A entrada de Brazão em cena aconteceu logo após os primeiros momentos de tensão entre as duas polícias envolvidas no caso de Tancos. A PJM reclamava acesso a um processo que a PGR tinha colocado nas mãos na polícia civil. A determinado momento, os inspetores militares propõem avançar com uma detenção, mas esse plano não se concretizou e as relações agudizaram-se.

O major começa a orientar a ação da equipa da PJM, estabelece pontes com outros inspetores colocados na delegação do Porto e, a 18 de outubro, recebe a alegada denúncia anónima. O Ministério Público acredita que Vasco Brazão sabia da encenação da chamada anónima e que terá alinhado num plano desenhado por Luís Augusto Vieira, diretor da PJM, para passar para a frente da investigação. É isso que justificação a intenção de avançar com a detenção do militar.

Identificações em cima do prazo

Um dia depois da surpresa com a notícia das detenções na PJM e na GNR, tudo apontava para que as atenções se virassem para o Campus de Justiça. Era lá que o juiz de instrução João Bártolo deveria fazer a identificação dos arguidos e avançar com os inquéritos. Devido a dificuldades processuais, esse momento passou quinta-feira, num desafio às 48 horas que a lei estipula para que isso seja feito.
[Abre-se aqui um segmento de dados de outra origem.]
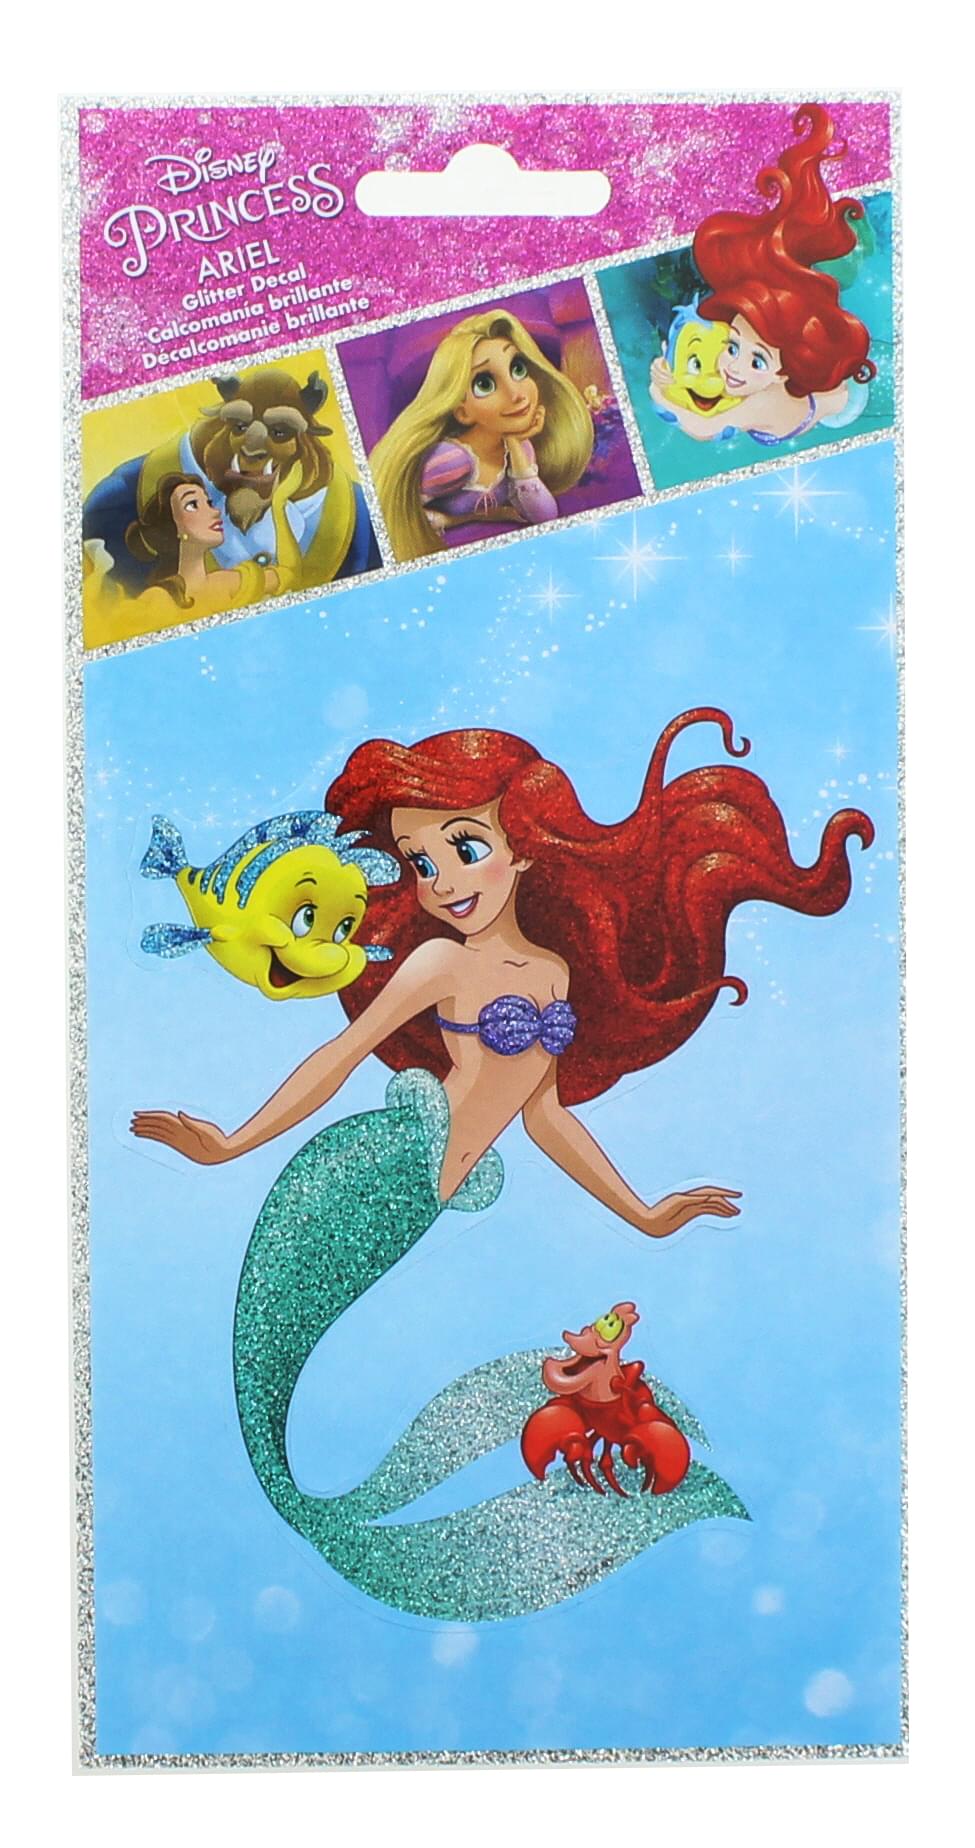 Disney Princess Ariel 4 x 8 Inch Glitter Decal

A partir das nove horas da manhã, os arguidos devem começar a chegar à zona oriental da cidade de Lisboa. E está previsto que, uma hora mais tarde, comecem as identificações. Para cumprir as tais 48 horas legais, deverão ser todos colocados na mesma sala para, só depois, João Bártolo avançar, um a um, com os primeiros interrogatórios — sendo que, de acordo com a SIC Notícias, pelo menos três arguidos já mostraram interesse em prestar declarações.
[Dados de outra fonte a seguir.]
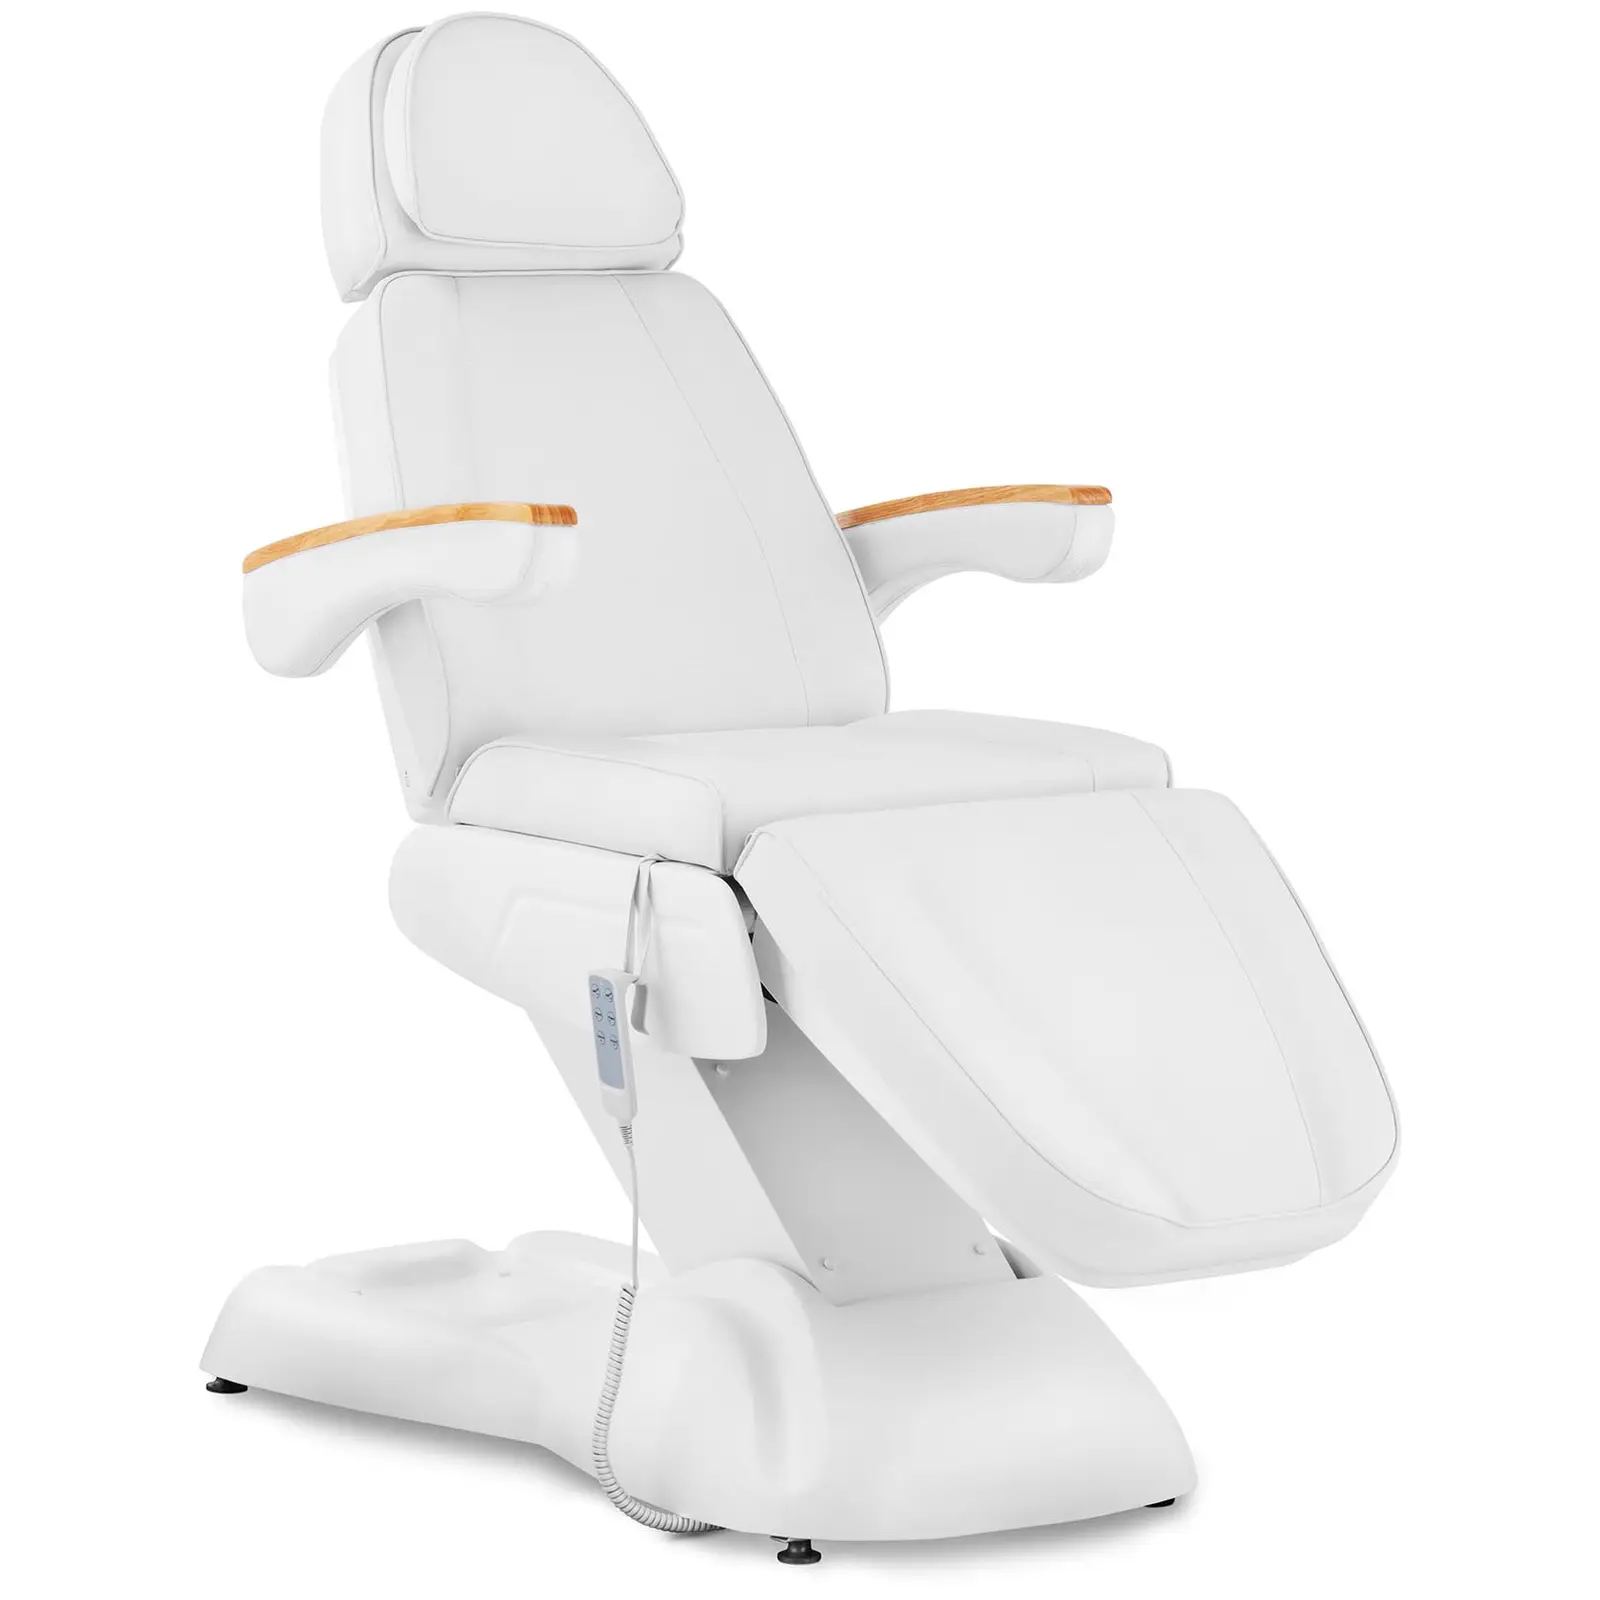 Pedicure Chair - 200 W - 150 kg - White

A lei estipula que “o arguido detido que não deva ser de imediato julgado é interrogado pelo juiz de instrução, no prazo máximo de quarenta e oito horas após a detenção, logo que lhe for presente com a indicação circunstanciada dos motivos da detenção e das provas que a fundamentam” (artº 141 do Código de Processo Penal). Se, pelo menos, a identificação formal dos oito arguidos não foi feita dentro desse prazo, os militares e o civil terão de ser libertados, uma vez que a sua detenção passa a não ter sustentação legal.